Замятин Е. И. Собрание сочинений: В 5 т. Т. 4. Беседы еретика
М., ‘Дмитрий Сечин’, ‘Республика’, 2010.
Есть превосходный способ предсказывать без малейшего риска ошибки: надо предсказывать прошлое. Это делается очень просто. Вы вдруг вспоминаете: ‘Разве я не был прав? Разве пять лет назад я не говорил, что…’ Cher confrre, Вы говорили это, но Вы говорили также и много других вещей, которые никак не оправдались, и Ваше счастье, что читатель рассеян и забывчив, — иначе бы Вам не попасть в профессиональный союз пророков.
Я членом этого союза не состою и потому считаю себя вправе рисковать и ошибаться. Ошибка вообще полезнее истины: истина — это мысль, уже заболевшая артериосклерозом.
Итак, вопрос о будущем театра. И самое радикальное решение этого вопроса: да может быть, никакого театра вообще скоро не будет? Не странно ли говорить о театре в эпоху, когда люди дружески обсуждают вопрос о том, каким способом они завтра будут и каким способом не будут убивать друг друга? Не абсурдно ли, что театром занимаются (и как!) в стране, носящей телеграфно-кодное имя USSR {СССР.}, где не хватает штанов и хлеба? Не бессовестно ли думать о театре в тех странах, где тысячи безработных живут подаянием государства или наименее бессовестных граждан?
Нет: не странно, не абсурдно и не бессовестно. Когда-то, в эпоху, очень далекую от нашей (и очень к ней близкую), в эпоху ‘кризисов’ в Риме — голодная толпа на улицах кричала: ‘Panem et circenses!’ {‘Хлеба и зрелищ!’ (лат.).} Хлеб и театр ставились рядом, как два самых необходимых продукта, — и они будут стоять рядом всегда. Le thtre — ni passe, ni lasse {Театр — непреходящ, неистощим (фр.).} потому, что он удовлетворяет органическую потребность человека в игре, такую же органическую, как голод. Пилот, который уже не боится воздуха, начинает играть с ним в ‘мертвые петли’, писатель, который уже не боится слова, начинает играть с ним, как пилот с аэропланом. Игра — естественное выражение победы человека над чем-то, как крик — естественное выражение боли.

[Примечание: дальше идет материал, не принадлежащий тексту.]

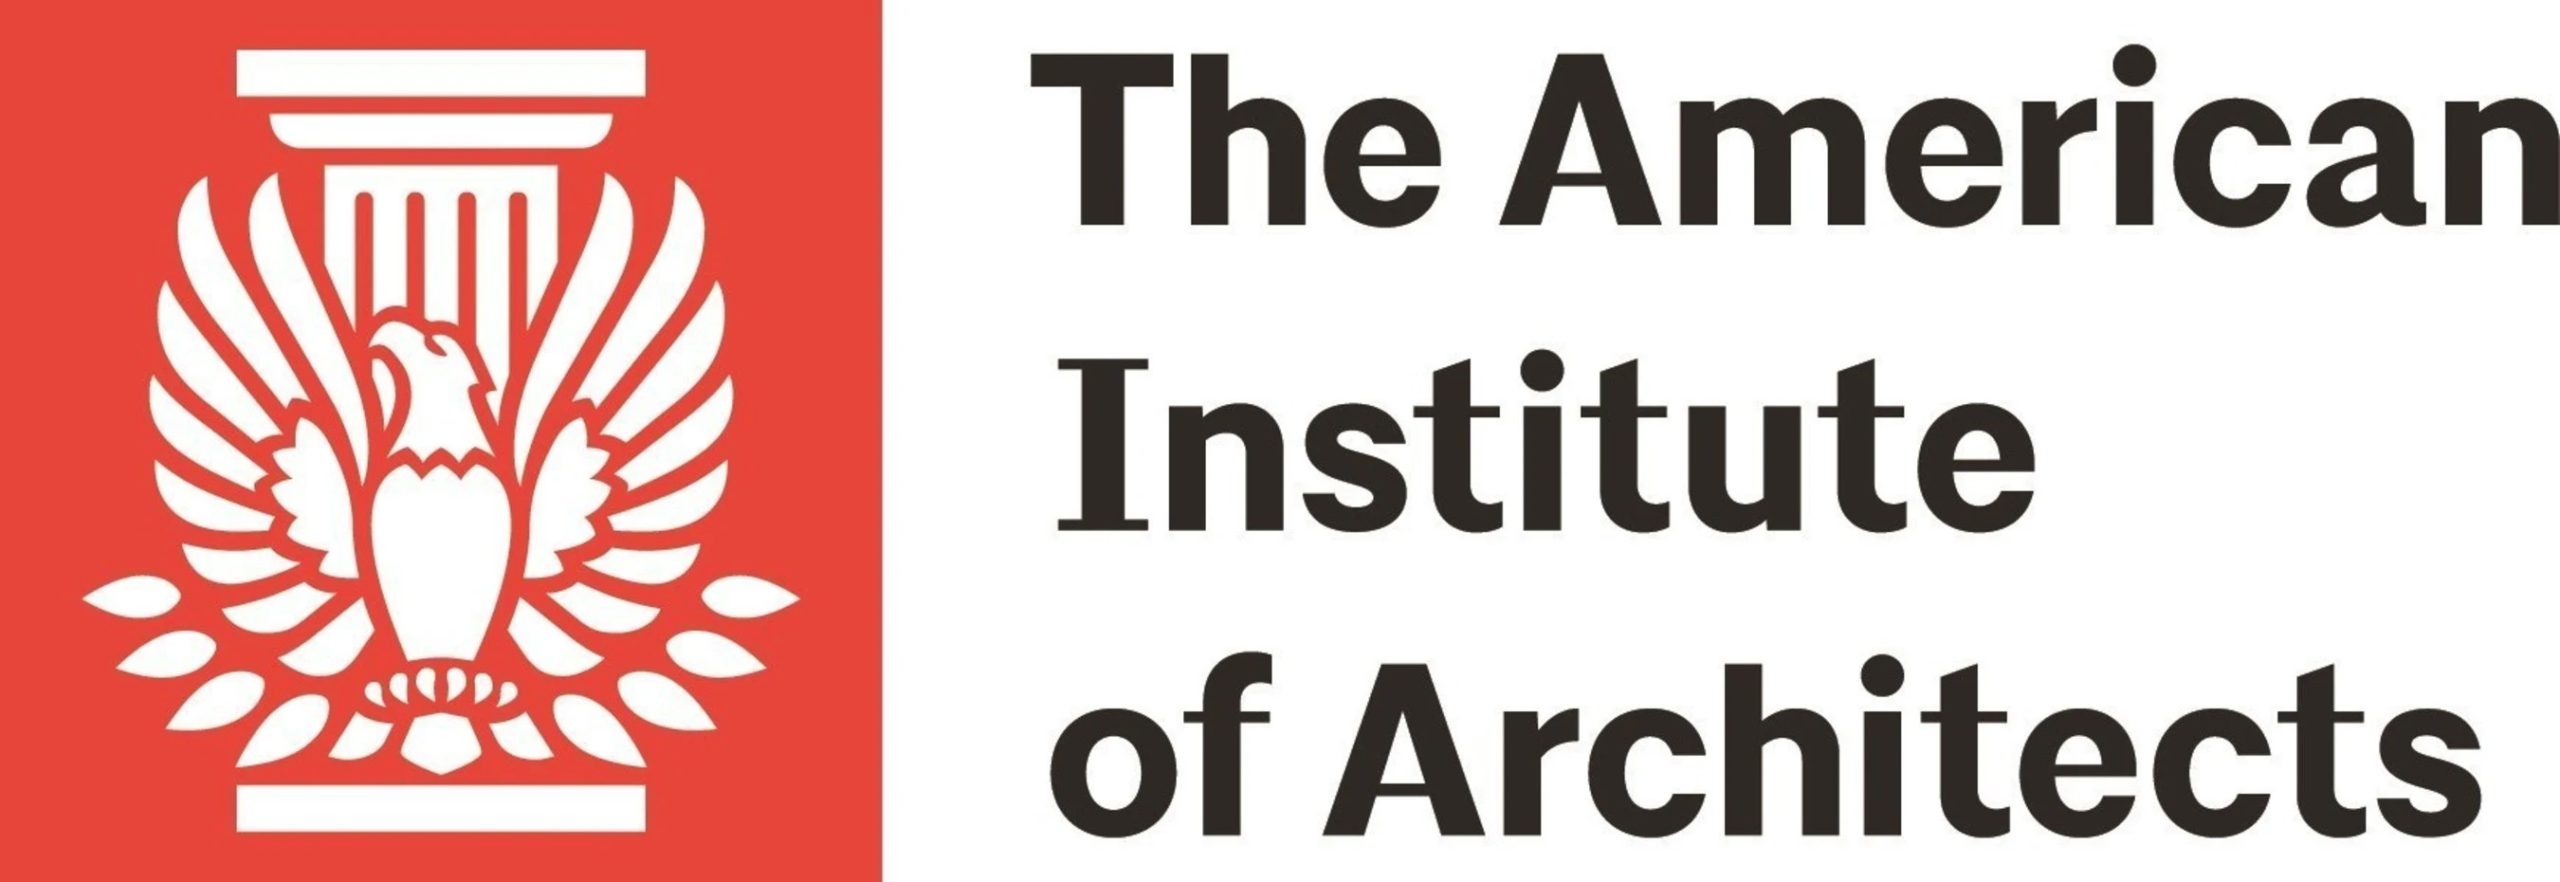 the-american-institute-of-architects

Самая серьезная игра — это игра с судьбой, в кармане у которой спрятано уже давно отпечатанное расписание с обозначением дня и часа трагической гибели каждого из нас. Спокойное, ленивое время, создавшее теорию, что трагедия — удел только героев, давно прошло. Принцип машинного, массового производства теперь применяется всюду, и судьба, когда-то без конца трудившаяся, чтобы с помощью примитивных орудий изготовить одного Эдипа, теперь с помощью газов выпускает Эдипов комплектами, сериями, полками. Скольких Лиров, всеми преданных и забытых, пустили по свету революции? А разве сроки платежей, надвигавшиеся на Ивара Крэгера, не страшнее, чем Бирнамский лес Макбета?

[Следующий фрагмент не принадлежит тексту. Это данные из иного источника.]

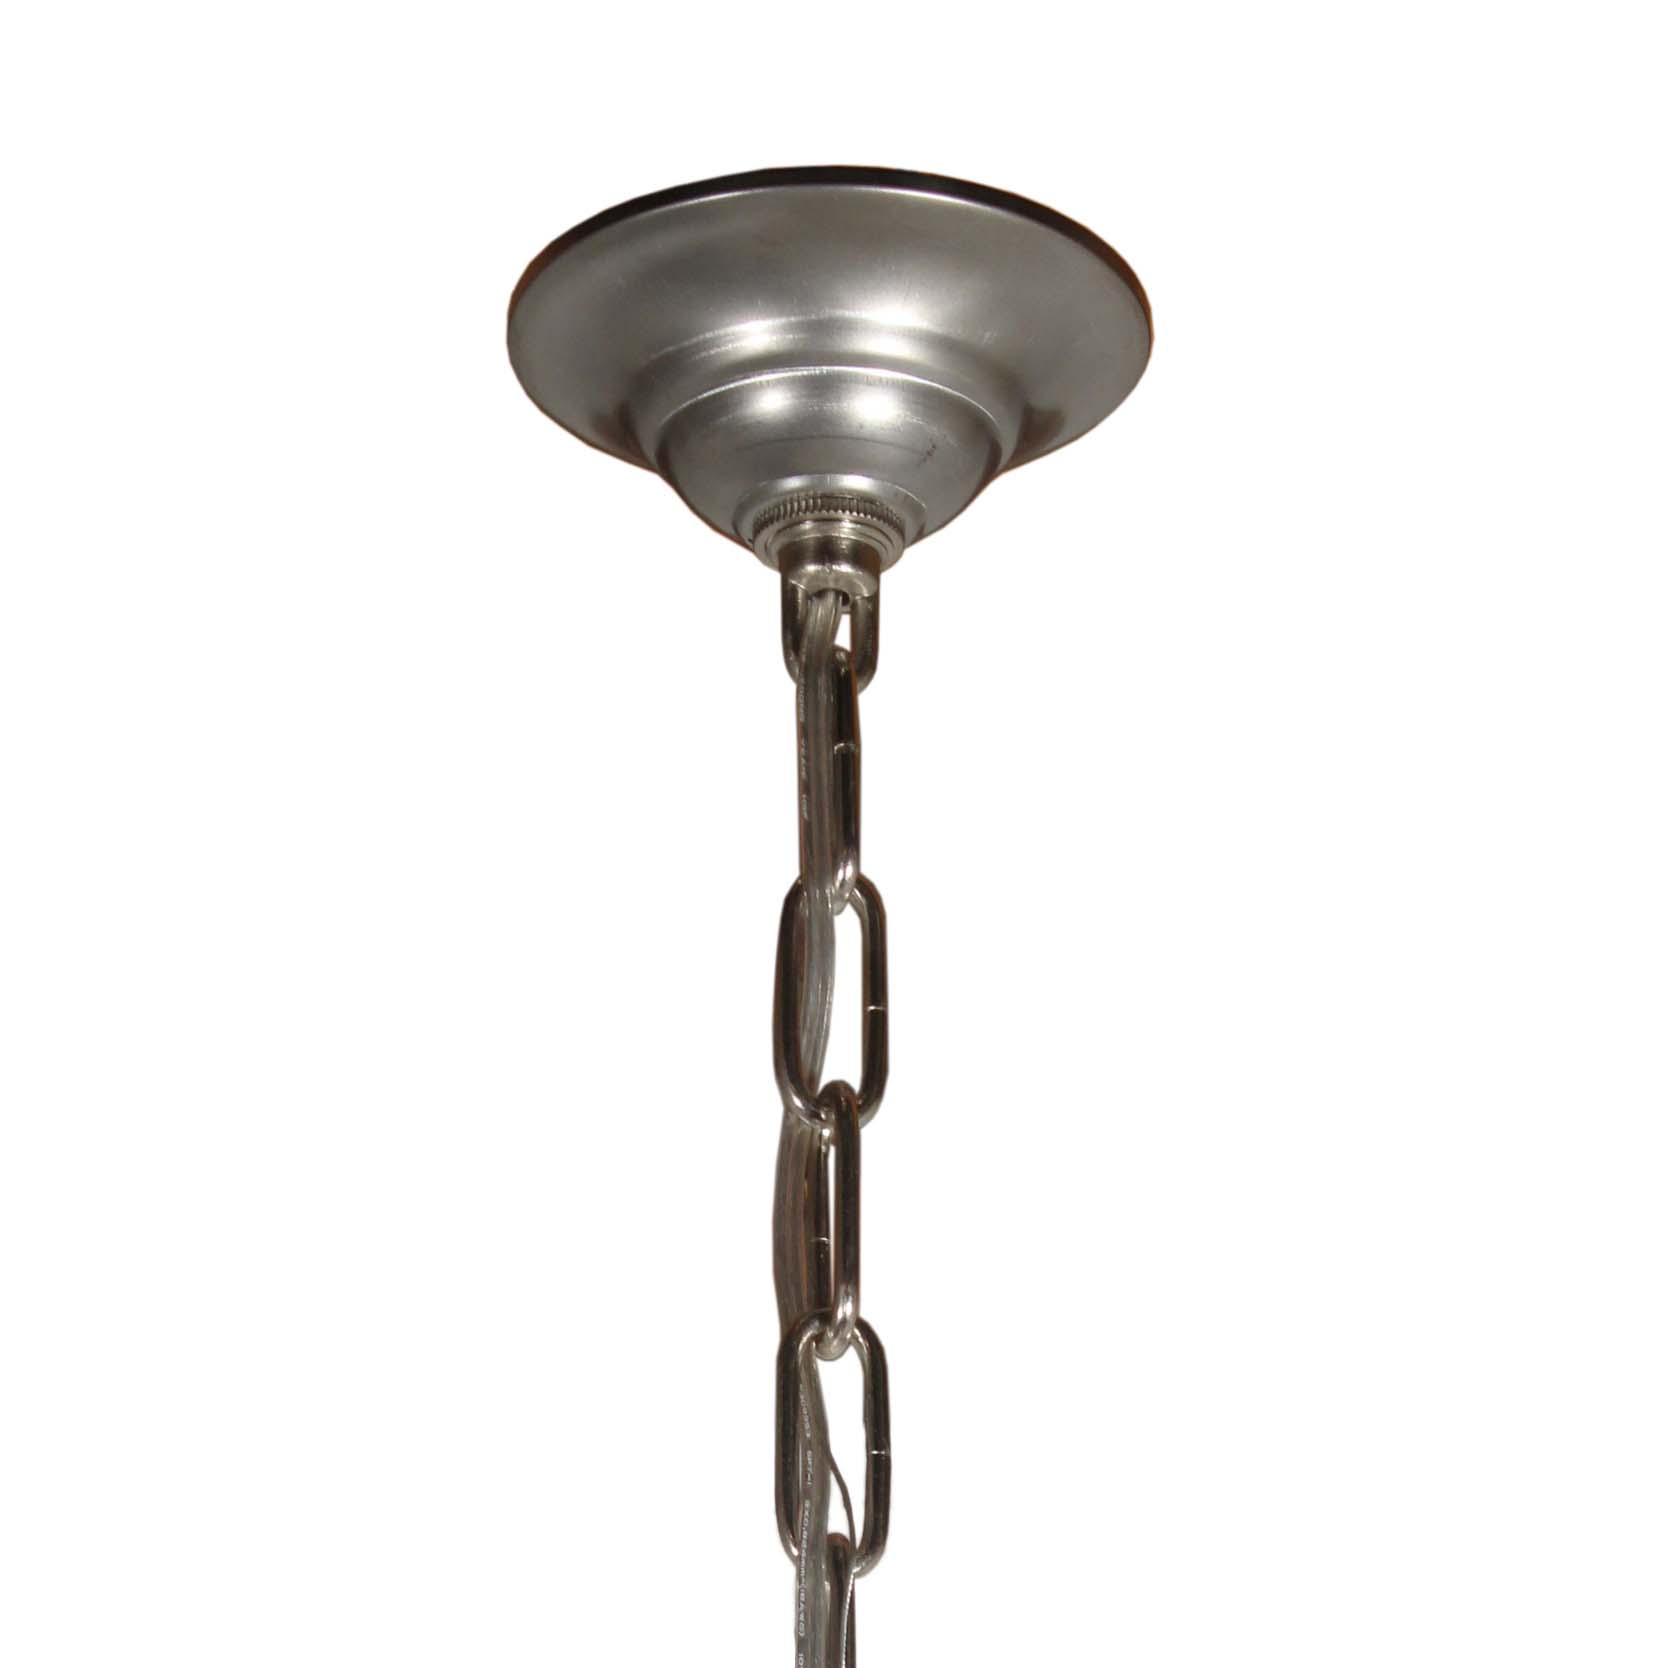 SOLD Antique Neoclassical Pendant Light, Silver Plate-67865

Трагедия, казалось бы, самая законная театральная форма для нашей эпохи. И тем не менее новой трагедии еще нет — даже в России, несмотря на то что там уверены, что Бирнамский лес — такой же прекрасный строительный материал, как и всякий другой лес. Беда в том, что машинным способом с большой легкостью можно приготовить сколько угодно Эдипов, сколько угодно сырого материала для трагедий, но для изготовления сложных, редкостных аппаратов, способных обработать этот материал и именуемых Шекспирами, — машинная цивилизация не годится. Но, кажется, уже многие начинают догадываться, что пора обуздать взбесившиеся стада машин. Этого ждать уже недолго, а значит, недолго ждать и Шекспиров.
А пока вместо настоящего — ‘хлеб военного времени’: вместо трагедии — мелодрама.
Я неслучайно упомянул выше о России: это — страна, упрямо пробующая перескочить через барьер лет в 50 прямо в будущее, и при решении вопроса о будущем в любой области следует непременно заглядывать в эту лабораторию — даже противникам вивисекции.
Очень любопытно, что в России практически совершенно исчезла со сцены интимная любовная драма. Этот театральный жанр представляет собой, часто организованное с большим талантом и вкусом, заглядывание через замочную скважину в чужую квартиру, это — одна из легальных форм бесстыдства. Отнюдь не следует понимать это как порицание: бесстыдство — тоже органическая потребность человека, в других областях для него тоже найдены пользующиеся всеобщим уважением формы, как, например, — брак. В русской лаборатории пока этот вопрос разрешен так, что он почти не дает материала для коллизии, а стало быть, и для театральной игры: для игры нужны препятствия, тут их пока нет.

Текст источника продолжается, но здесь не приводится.